- **What the exercise asks**: Each line below should be repeated exactly, but no picture should be carried over.

- **Data block**:
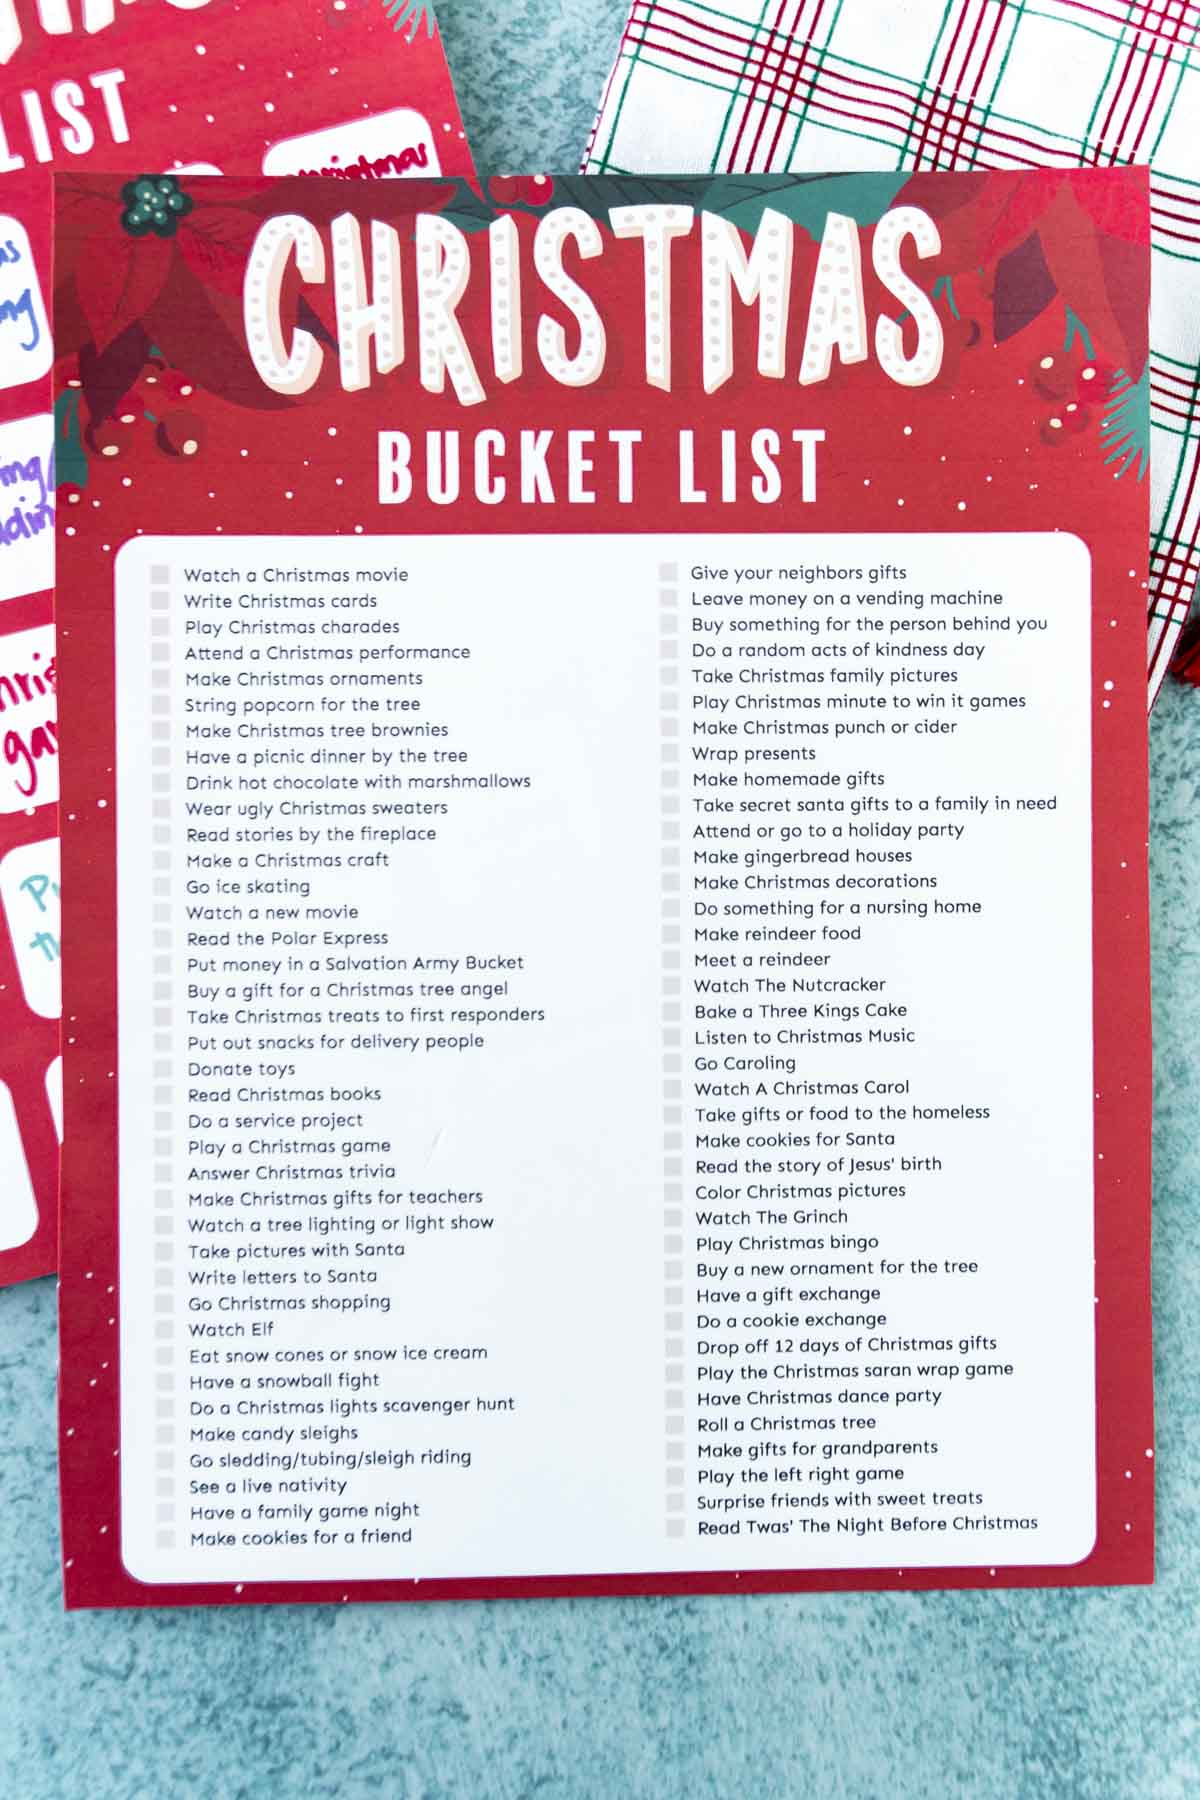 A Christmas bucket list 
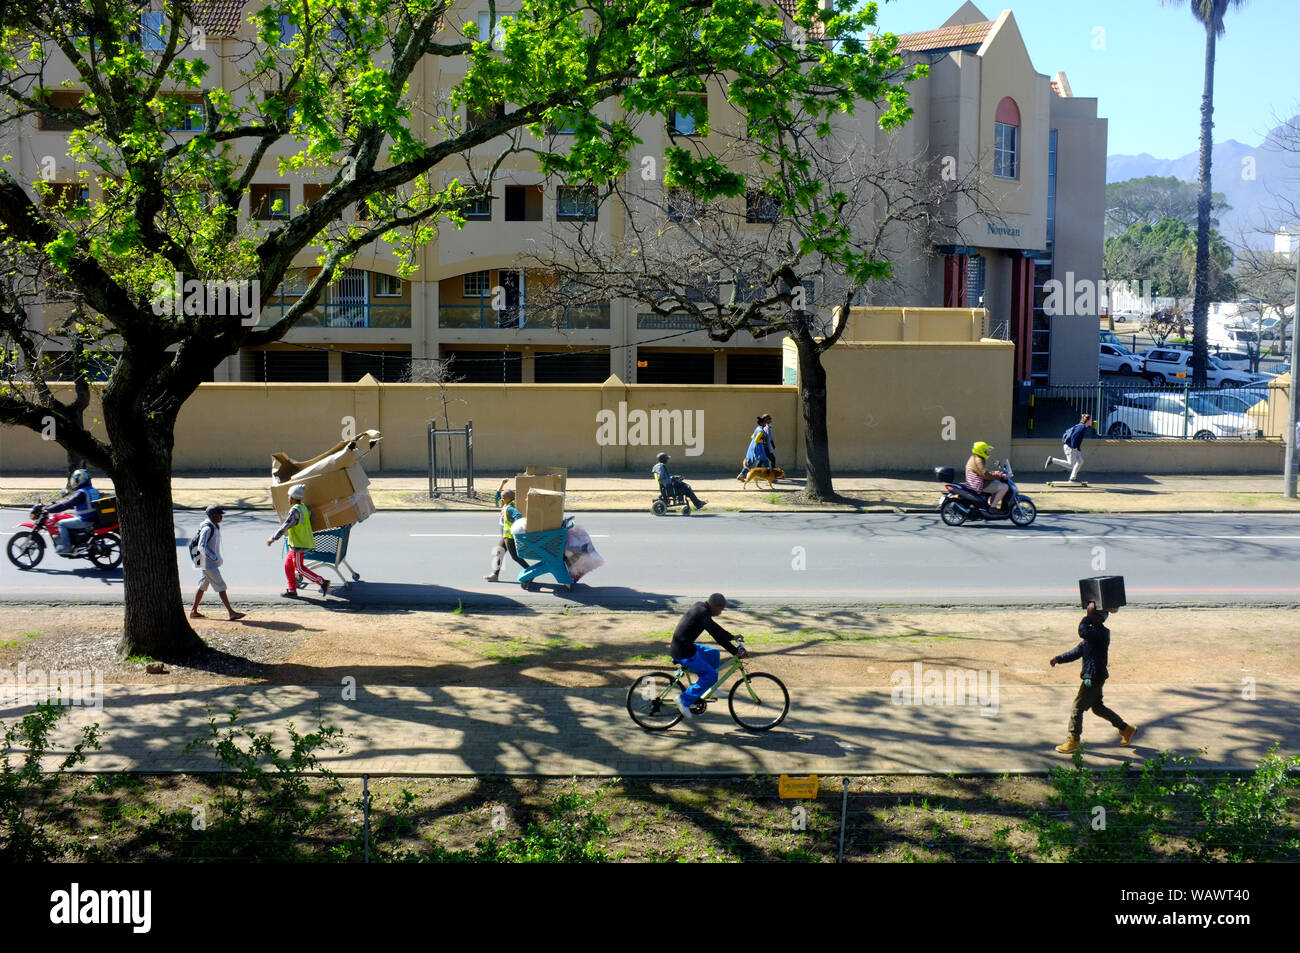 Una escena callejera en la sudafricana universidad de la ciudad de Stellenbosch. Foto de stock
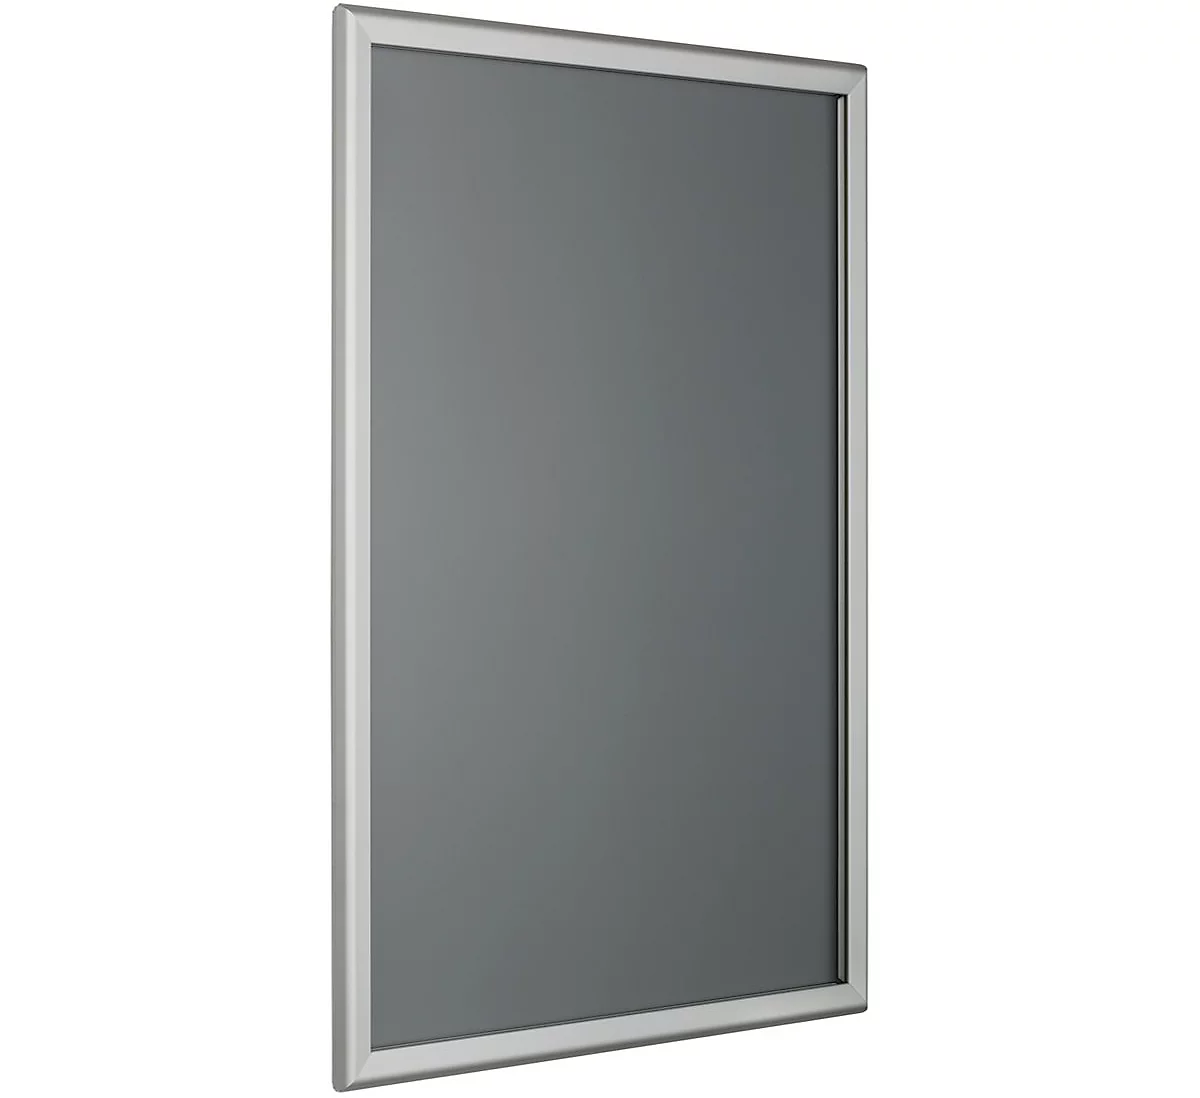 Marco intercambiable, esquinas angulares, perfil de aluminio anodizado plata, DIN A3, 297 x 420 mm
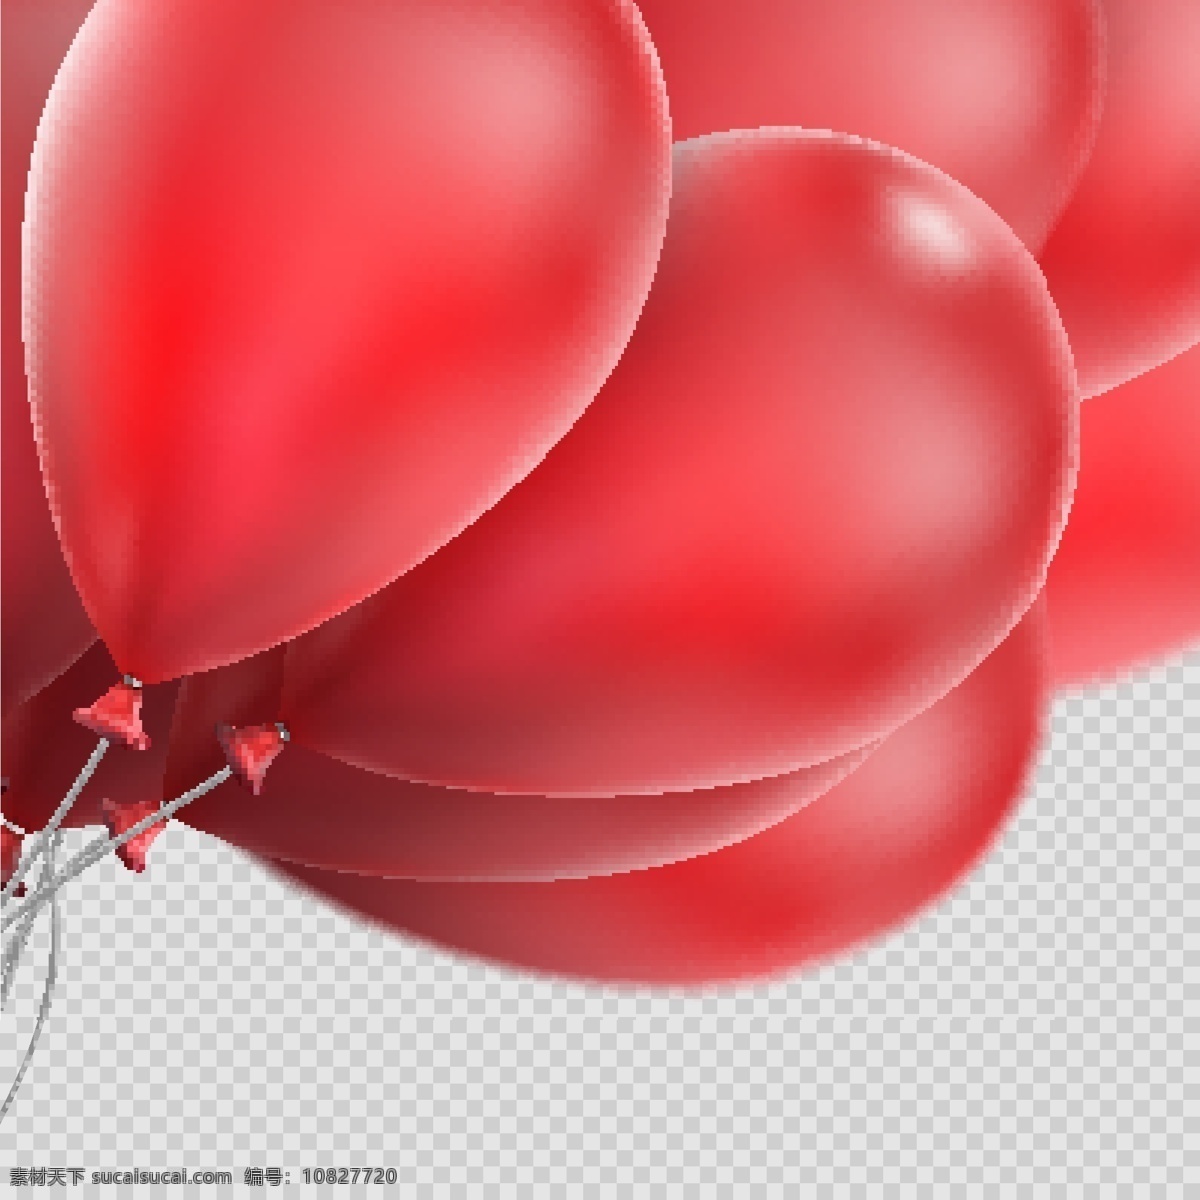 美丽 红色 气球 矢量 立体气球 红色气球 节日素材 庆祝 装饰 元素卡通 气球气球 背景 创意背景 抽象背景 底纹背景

- **Solution to the problem**:
 A Christmas bucket list 
 Una escena callejera en la sudafricana universidad de la ciudad de Stellenbosch. Foto de stock
 Marco intercambiable, esquinas angulares, perfil de aluminio anodizado plata, DIN A3, 297 x 420 mm
 美丽 红色 气球 矢量 立体气球 红色气球 节日素材 庆祝 装饰 元素卡通 气球气球 背景 创意背景 抽象背景 底纹背景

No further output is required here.